December 27, 2021 • 22 minutes to read

Professional Open Source: Extend-Only Design

The only generic versioning strategy that stands the test of time.

Where Do “Breaking Changes” Come From?
The Complexity of Version Management

This post marks the third one I’ve written this year about versioning problems in open source software development, although they apply to anyone who develops shared software components:

In this post I’m going to introduce a battle-tested versioning strategy for APIs, wire formats, and storage formats: extend-only design.

However, why so many posts about a subject as esoteric as software versioning? Because it’s an under-appreciated and extremely difficult software problem. The best practitioners of versioning / inter-version compatibility work for companies like Microsoft, Oracle, and Apple on large software platforms and they’re trained on how to do it early on. For developers who are creating internal middleware for their non-FAANG companies or OSS libraries these practices usually have to be learned the hard way.

Where Do “Breaking Changes” Come From?

“Professional Open Source: Maintaining API, Binary, and Wire Compatibility” touches on this subject at length, but let’s summarize:

A breaking change occurs when a previously available format, API, or behavior is removed or changed in an incompatible way.

Some examples:

Breaking Formatting Change: a new version of a desktop app is released, but it can’t open files saved by the previous version due to a change in the file format.
Breaking Behavior Change: a change in the default supervision strategy of Akka.NET causes actors to all self-terminate instead of restart - applications that depended upon the previous default behavior are likely now broken.
Breaking API Change: a public method in a previous version of Akka.NET is removed and all plugins that depended upon it can no longer compile or throw a MissingMethodException.
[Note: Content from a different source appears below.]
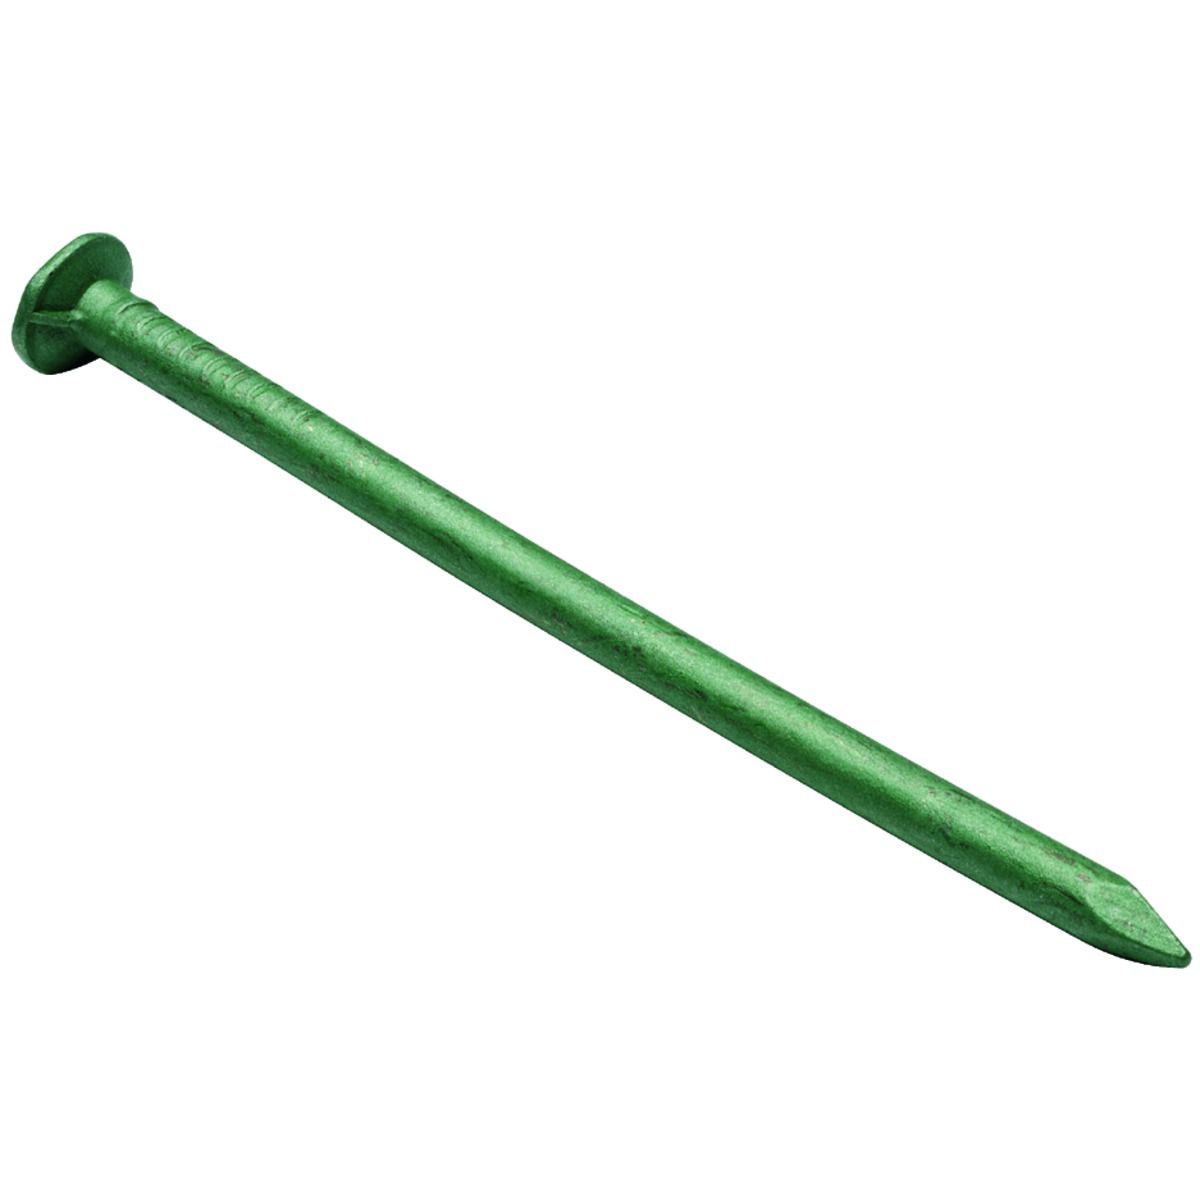 Image of Wickes 50mm Exterior Nails - 250g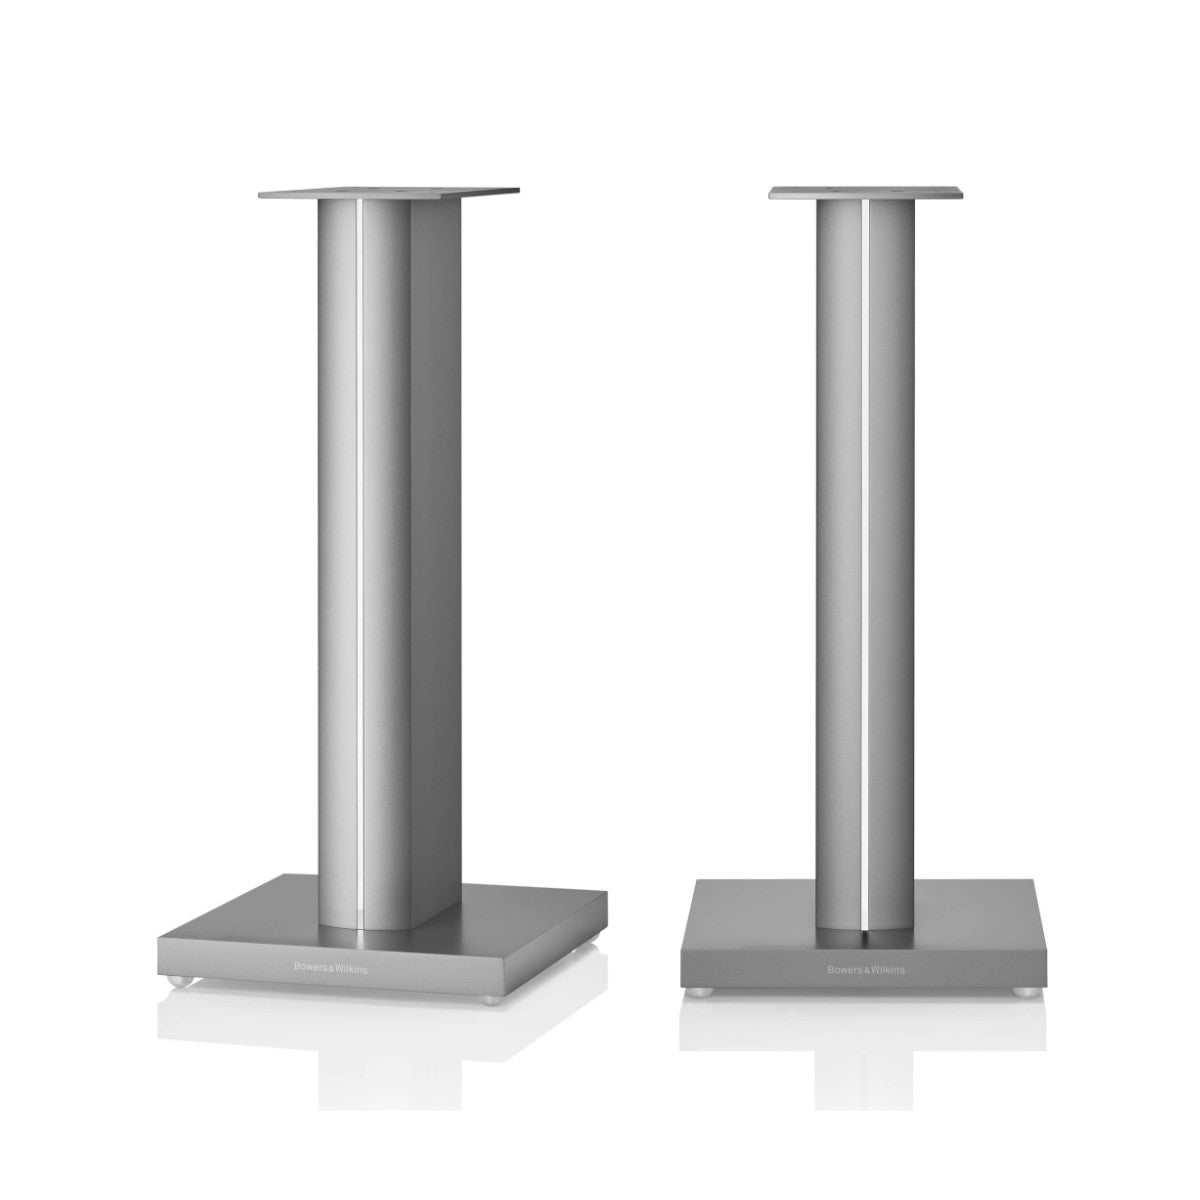 Bowers & Wilkins (B&W) FS-700 S3 Speaker Stand - Silver (Pair) - Ooberpad India

These have tremendous real-world impact on end-users. Conservative business users are slow to upgrade their dependencies precisely because they are so terrified of running into these types of problems - hence why platform producers like Microsoft have made backwards-compatibility their religion.

All of these breaking changes have one thing in common: something that existed in the past was irrecoverably altered in a future release, and thus broke the downstream applications and libraries that depended upon that prior functionality.

The Complexity of Version Management

Here’s the complex, and thus tricky part of breaking changes: your future and past software releases all exist concurrently. Adoption is entirely consumer-driven activity which naturally lags behind releases, a producer-driven activity. Thus software producers have to reason about how to support multiple versions of their software concurrently.

This is a deceptively complicated problem that most OSS producers don’t address because it can be expensive and hard. Hand-waving away users’ upgradability concerns with an answer like “we use SemVer” is… Unprofessional at least.

The problems with designing systems to be compatible over many successive versions usually come down to being too permissive with changes between versions - we’ve recently had some issues with Akka.NET where I approved some API changes that I shouldn’t have and the result was having to rollback those changes in a rapid, second release.

What I’m going to propose here is a robust, time-tested solution for versioning any type of software system over time using extend-only design.

The Pillars of Extend-Only Design

I haven’t been able to find concrete evidence of when “extend-only design” as we know it began exactly, but based on my conversations with late 1970s / early 1980s software developers the practice was popularized for the purpose of file format preservation back in the era of the mainframe computing - making it possible for binary artifacts produced with a previous version of the software to be consumed and reused in future versions of the software.

The pillars of extend-only design apply to any and all software systems, and they are thus:

Previous functionality, schema, or behavior is immutable and not open for modification. Anything you made available as a public release lives on with its current behavior, API, and definitions and isn’t able to be changed.
New functionality, schema, or behavior can be introduced through new constructs only and ideally those should be opt-in.
Old functionality can only be removed after a long period of time and that’s measured in years.

How do these resolve some of the frustrating problems around versioning?

Old behavior, schema, and APIs are always available and supported even in newer versions of the software;
New behavior is introduced as opt-in extensions that may or may not be used by the code; and
Both new and old code pathways are supported concurrently.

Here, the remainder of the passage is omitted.